● **Task description**: Copy, exactly and without additions, every line in the records below from the one holding "Ini dia beberapa" through the one holding "日向坂46メンバーブログまとめ2019年6月8日", both ends included.

● **Stored data**:
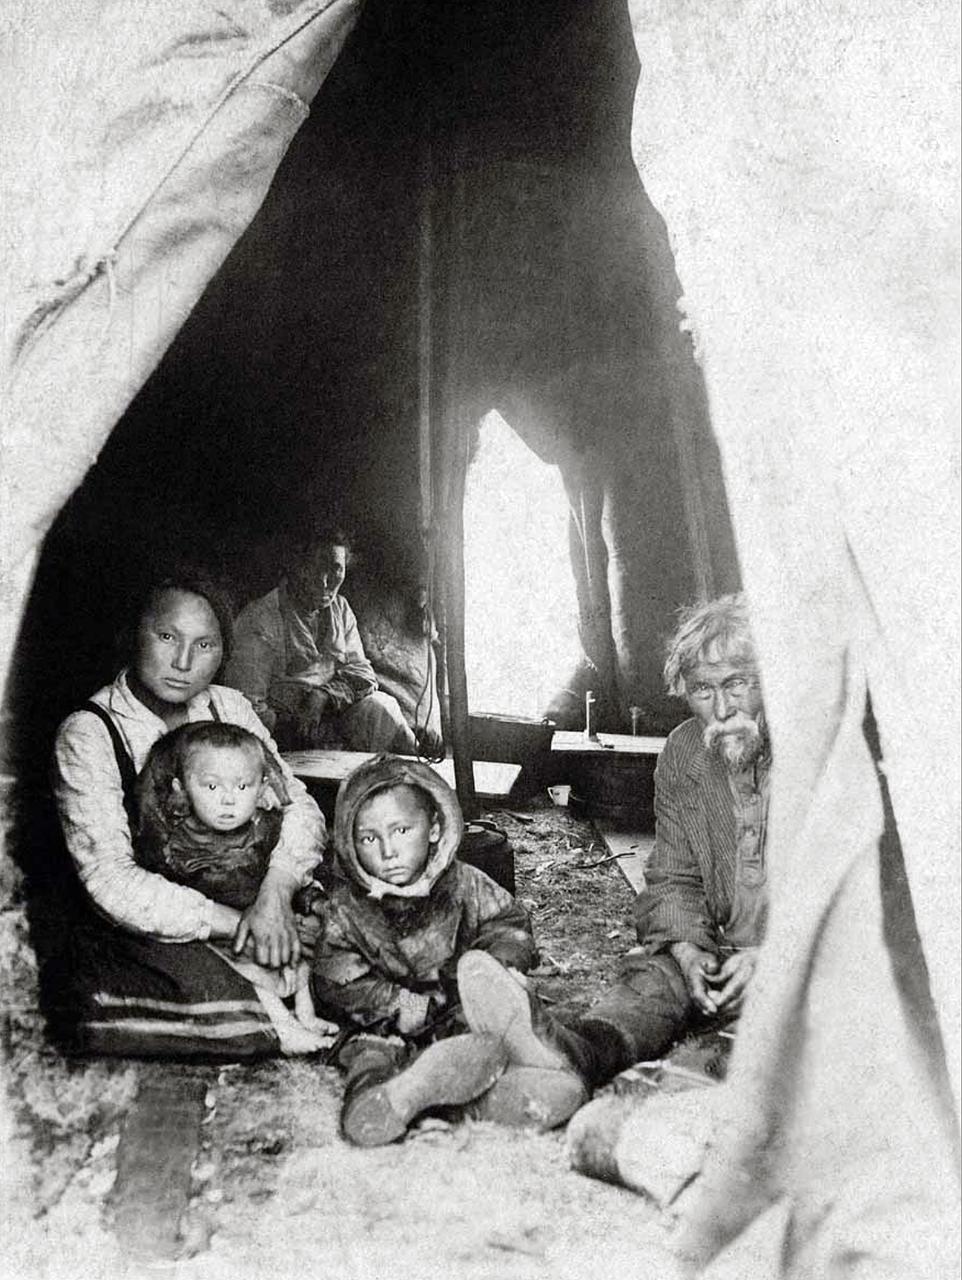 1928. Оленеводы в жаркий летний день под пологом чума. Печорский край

---

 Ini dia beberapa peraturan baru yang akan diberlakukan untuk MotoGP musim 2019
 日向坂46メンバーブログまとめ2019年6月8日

● **Answer to this task**:
 Ini dia beberapa peraturan baru yang akan diberlakukan untuk MotoGP musim 2019
 日向坂46メンバーブログまとめ2019年6月8日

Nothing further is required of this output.